- #1

logarithmic

- 107

- 0

1. In a proof for the fact that if a finite factor group G/N has 2 elements, then N is a normal subgroup of G, it says:

"For each a in G but not in H, both the left coset aH, and right coset Ha, must consist of all elements in G that are not in H".

Why is this so?

2. For the alternating group A_4, let H be a subgroup of order 6 (the point is to show there's no subgroup of order 6), it says that A_4/H = {H, sH} for some s in A_4 but not in H. Also, (H)(H) = H, (sH)(sH) = H. It then says, a in H implies a^2 in H, and b in sH implies b^2 in H. That is, the square of any element in A_4 must be in H.

Where does the last sentence come from? The line before that says the square of anything in H or sH is in H, so why does it then conclude this is also true for any element of A_4?

3. In an example, it says that (Z_4 x Z_6)/<(2,3)> has order 12 (just use lagrange's theorem), it then concludes that this factor group must be isomorphic to Z_4 x Z_3 or Z_2 x Z_2 x Z_3. (Z_n is the group {0, 1, ..., n-1}.)

I think it used the fundamental theorem of finitely generated abelian groups here. But that would require (Z_4 x Z_6)/<(2,3)> to be finitely generated.
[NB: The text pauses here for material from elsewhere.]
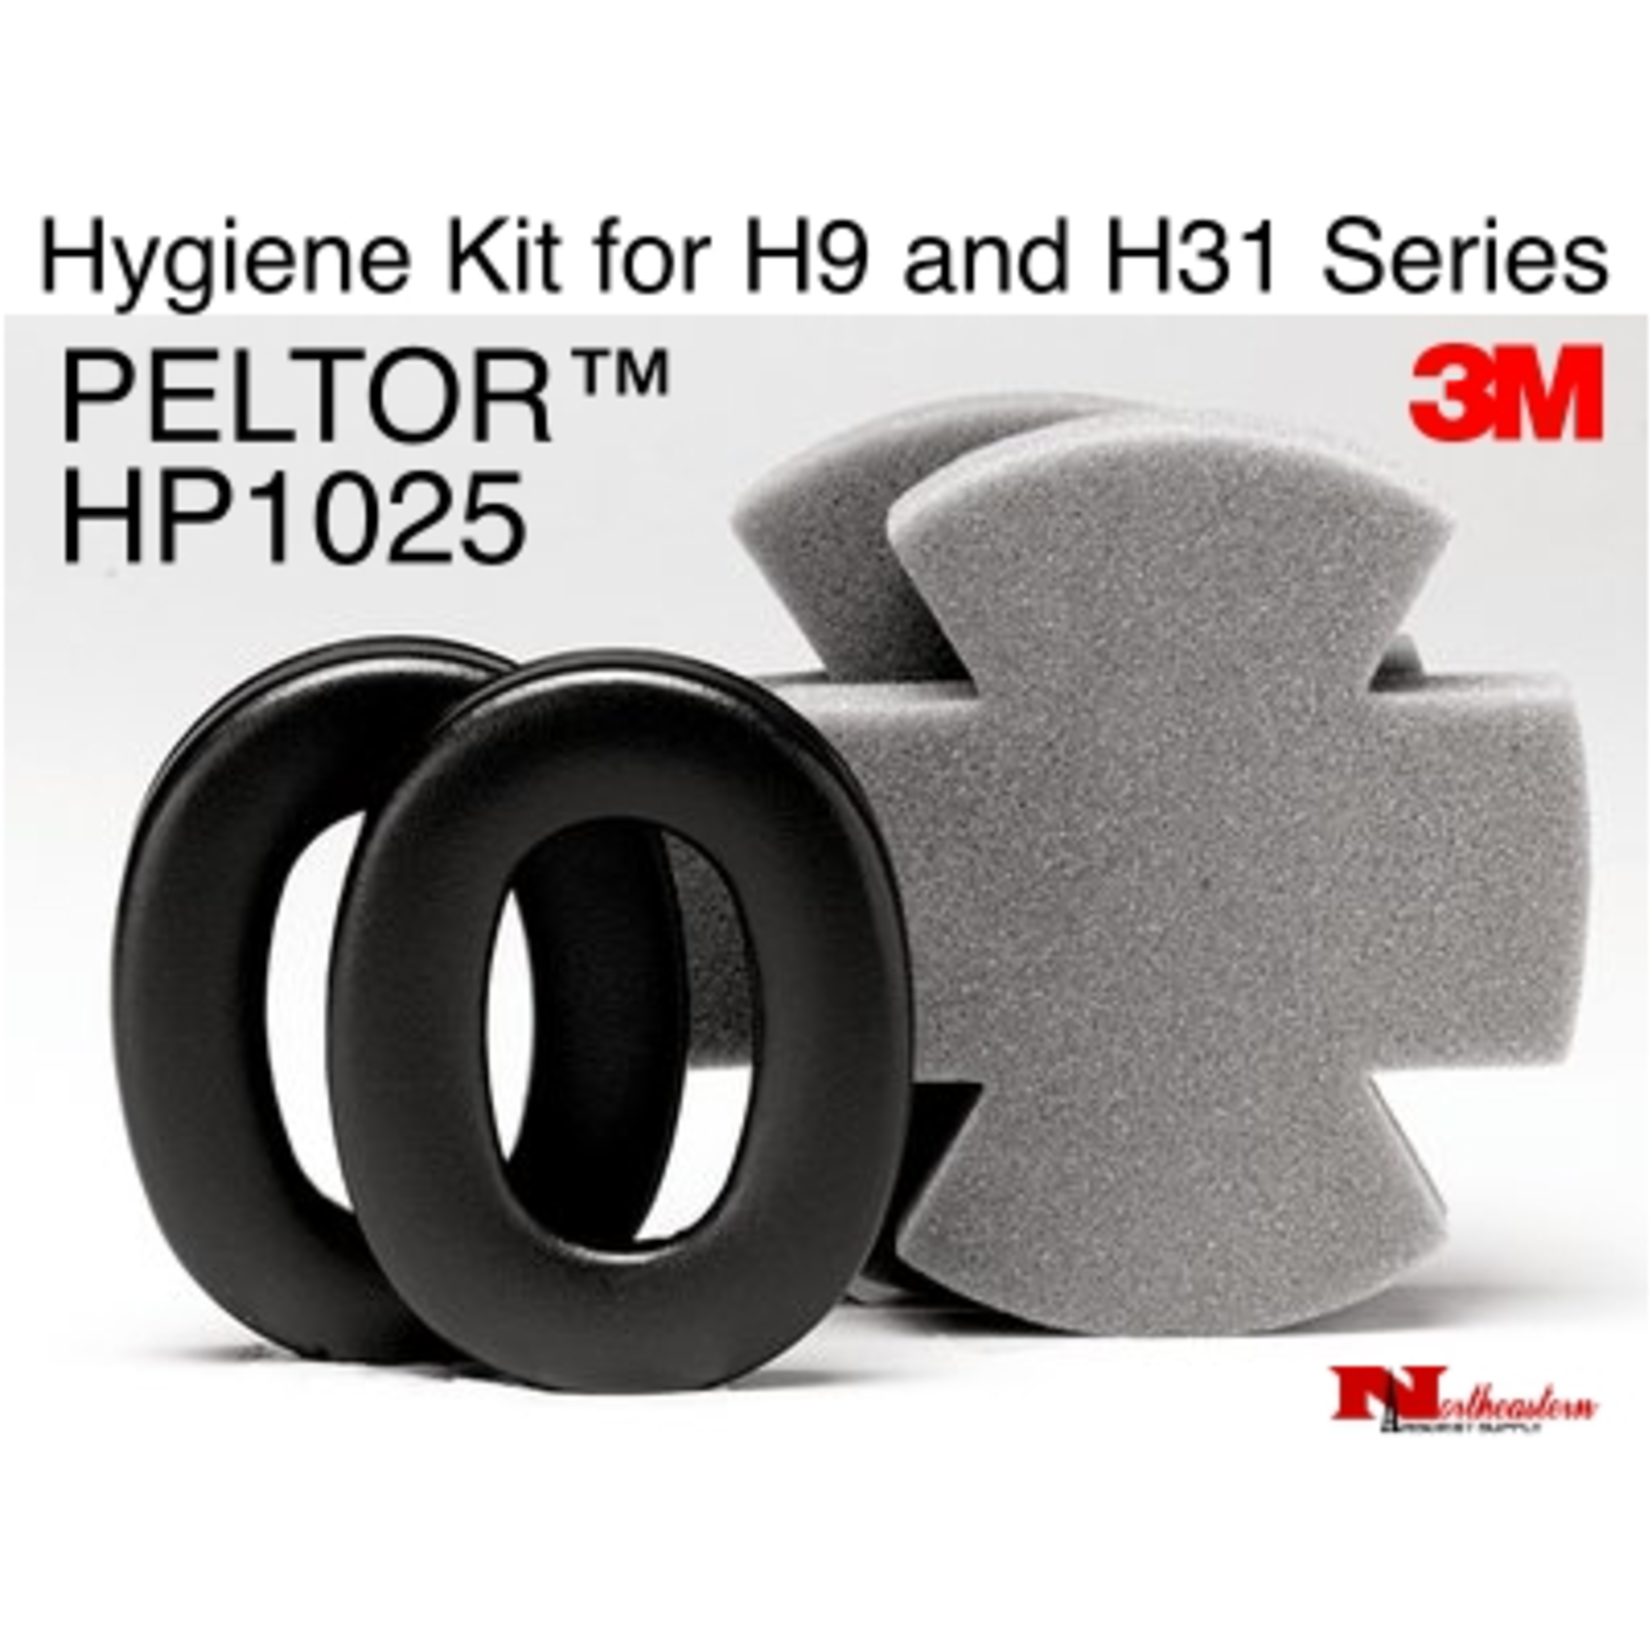 3M PELTOR Peltor Earmuff Hygiene Kit Hy3
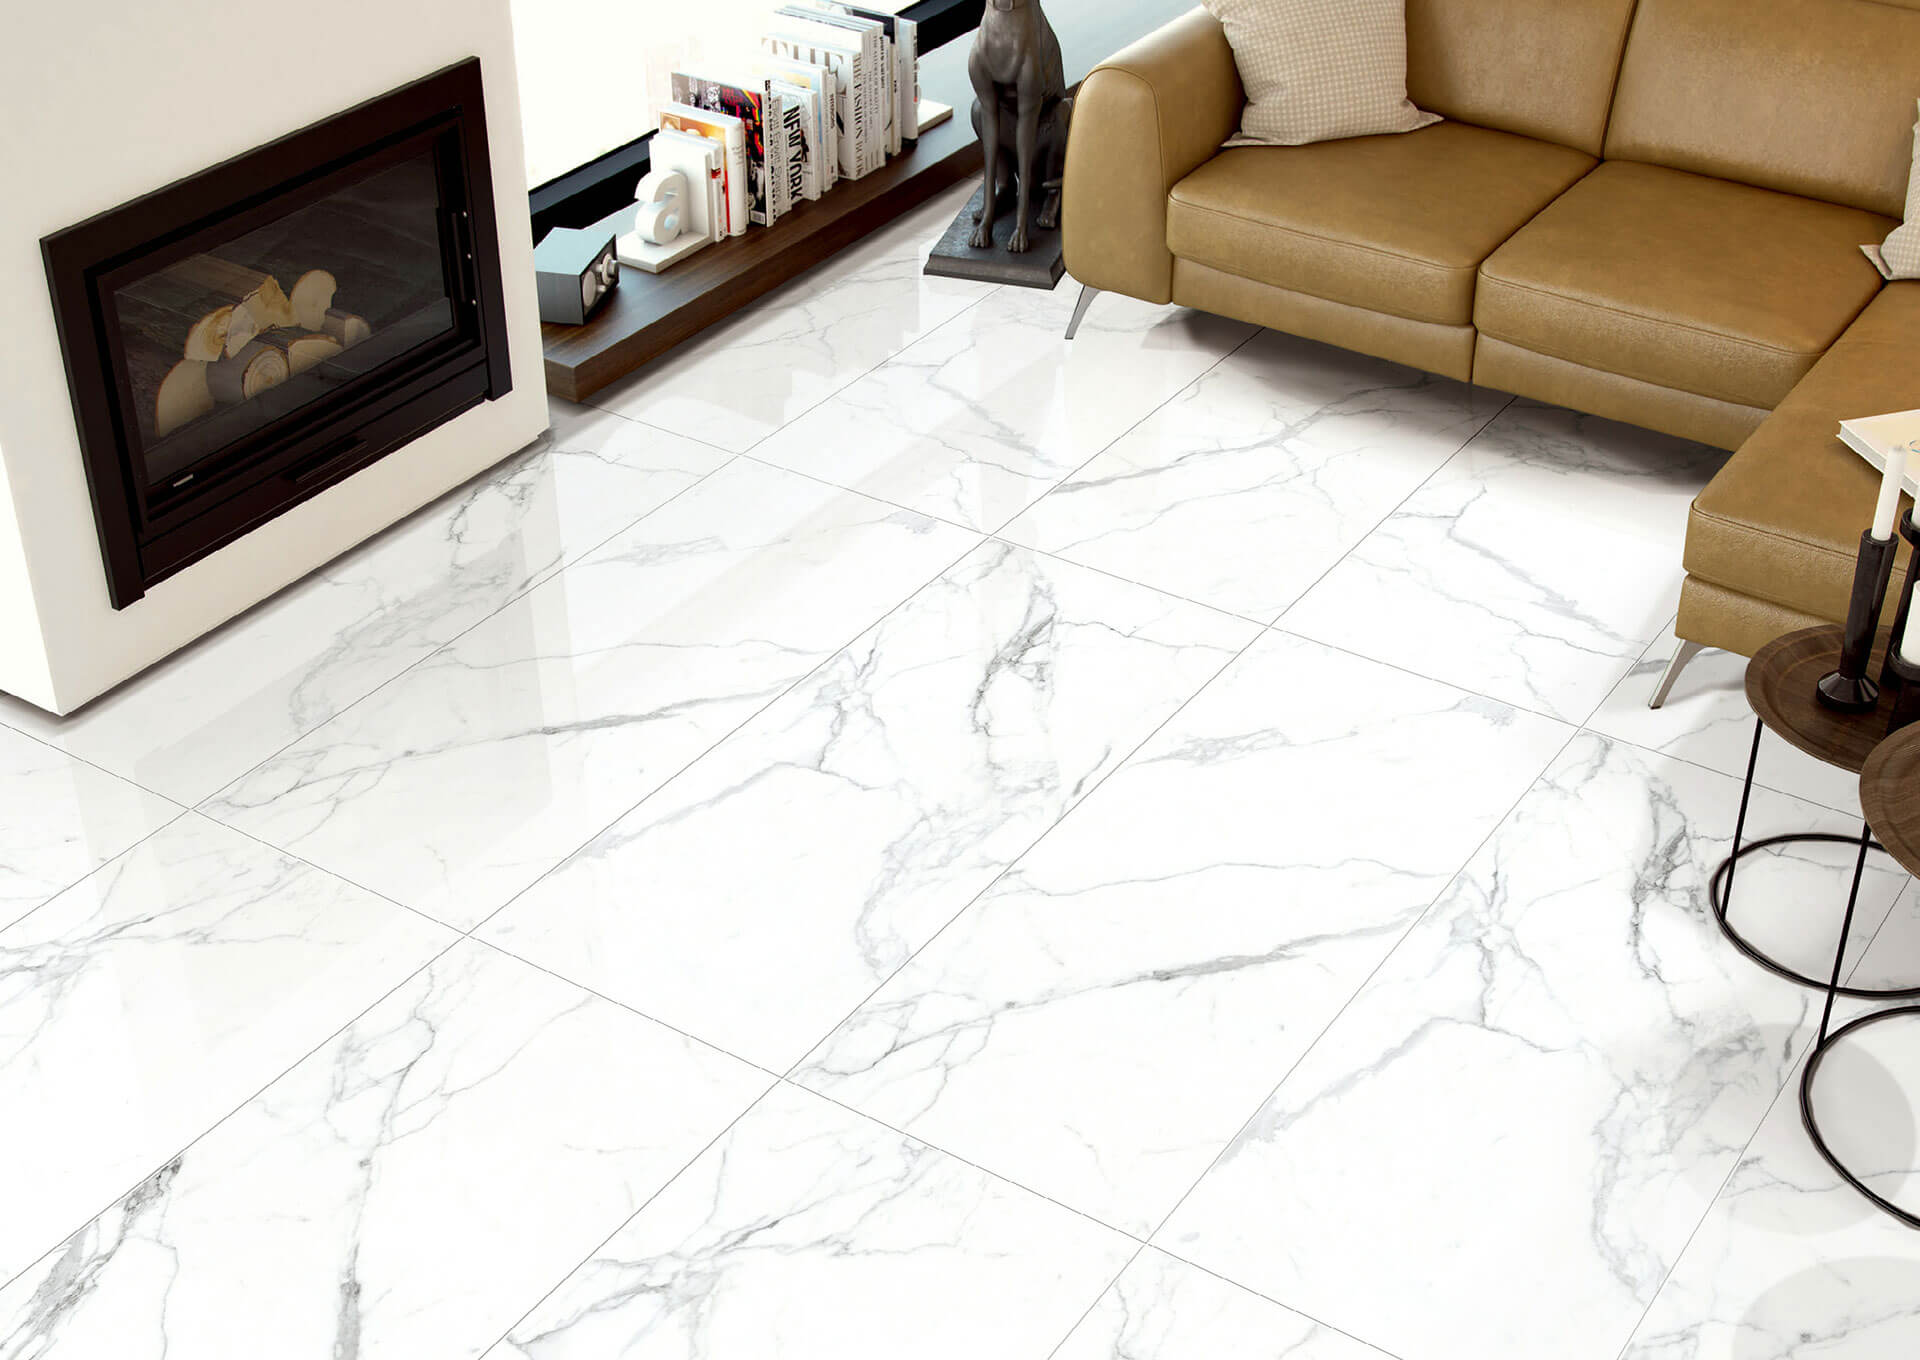 tile pattern - marble look

Is there any obvious way to see this? (It is obviously abelian).

We can see that (Z_4 x Z_6) = <(1,0) , (0,1)> so is finitely generated, but is there a theorem that says if G is finitely generated then so is its factor group G/N? (My textbook has a theorem that if G is cyclic then G/N is cyclic, but (Z_4 x Z_6) is not cyclic.) Or is every finite group finitely generated?